Good Makeup for Skin with Acne
Acne is a skin condition that causes lesions, such as blackheads, whiteheads and pimples, to appear on the skin. While treating these lesions, many people use makeup to cover reddened blemishes. In some instances, the makeup can worsen acne breakouts. Being aware of which types and applications of makeup are best can help reduce acne blemishes.
Acne results when the pores that supply skin-softening oil to the skin become clogged. The pores can become clogged when makeup that contains oil is applied to the face or when too much makeup is applied and the skin cannot breathe. The latter results in clogged pores because the oil produced by the body cannot reach the skin's surface. This also takes place when makeup is left overnight on the skin.
While there are many shades and styles of makeup, for the purposes of acne treatment, makeup can be broken into two categories: comedogenic and noncomedogenic. The noncomedogenic label means the product does not contain oils or other pore-clogging materials. Products not labeled as such may contain oil that can worsen acne. Only those with very dry or thin skin should use products that contain oil.
If you experience acne, refrain from using products that are not labeled noncomedogenic or that contain fragrances that can cause skin irritation. For foundations, noncomedogenic products or even mineral-based makeups can be best for acne skin, according to Dr. Lawrence Samuels, a board-certified dermatologist interviewed by the St. Louis Globe-Democrat. For blushes or other colorful makeups, steer clear of products containing coal tar or glitter, both of which can irritate the skin. Makeup that contains carmine, a natural colorant, is preferred for acne sufferers, according to Acne.com. Always wash your face before going to bed to remove makeup.
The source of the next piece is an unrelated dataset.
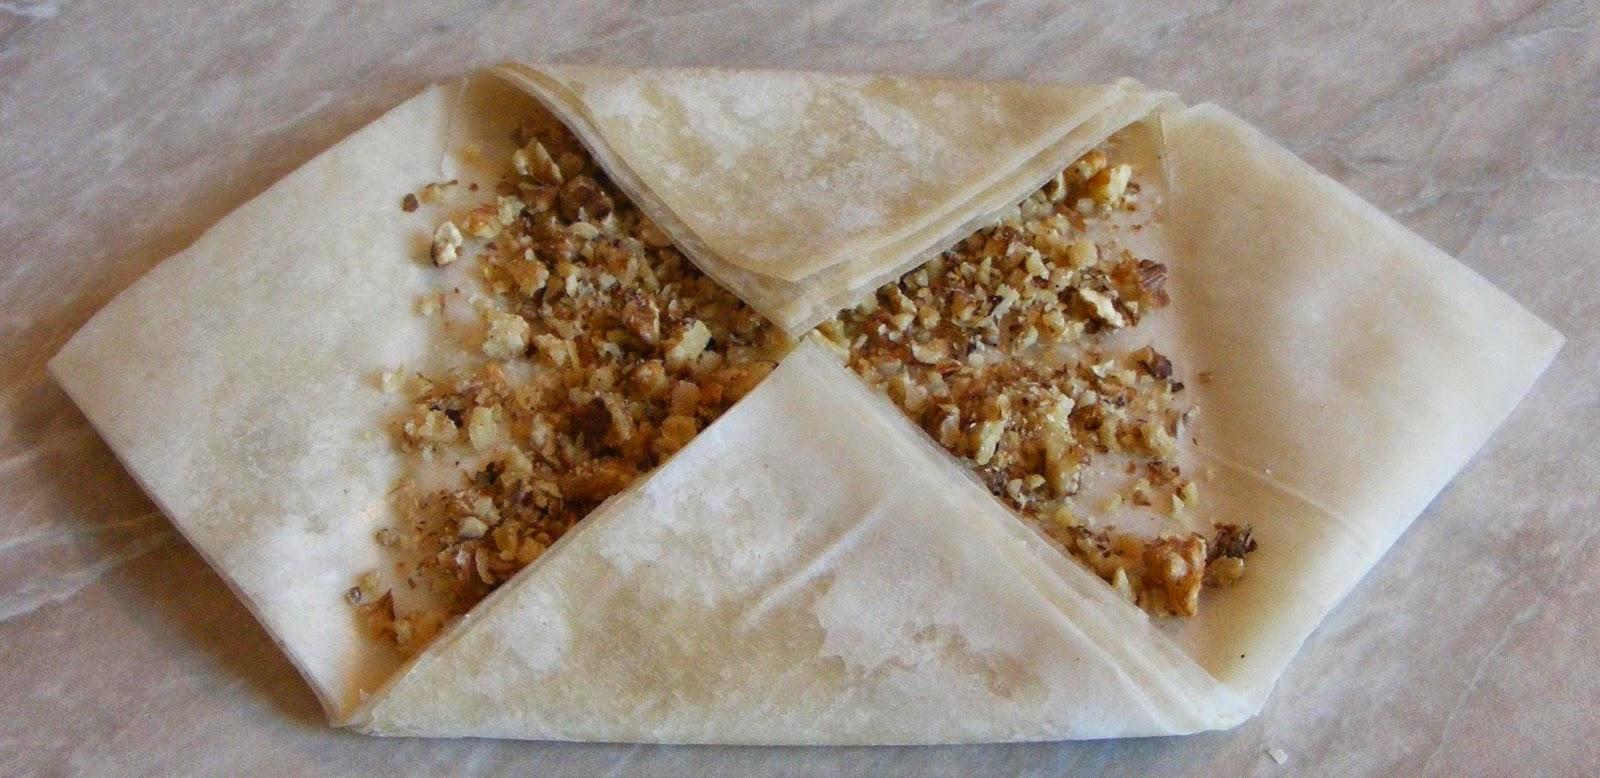 preparare baclavale, preparare baclava, cum se prepara baclavale, cum facem baclavale, cum se prepara baclavalele cu foi de placinta si nuca, retete si preparate culinare baclava, cum se prepara baclava,

A good way to determine if your makeup is contributing to your acne is to observe your skin, notes Acne.com. A condition known as acne cosmetica results when your acne is caused by makeup. Acne cosmetica causes small, rash-like bumps to appear, mostly on your cheeks and forehead. If you have recently switched makeup brands and have observed these bumps, consider stopping use.
Even if a makeup product is labeled as noncomedogenic, applying too much of it can clog the pores. Use the lightest application possible. A powder cosmetic may provide better coverage than a liquid without looking heavy.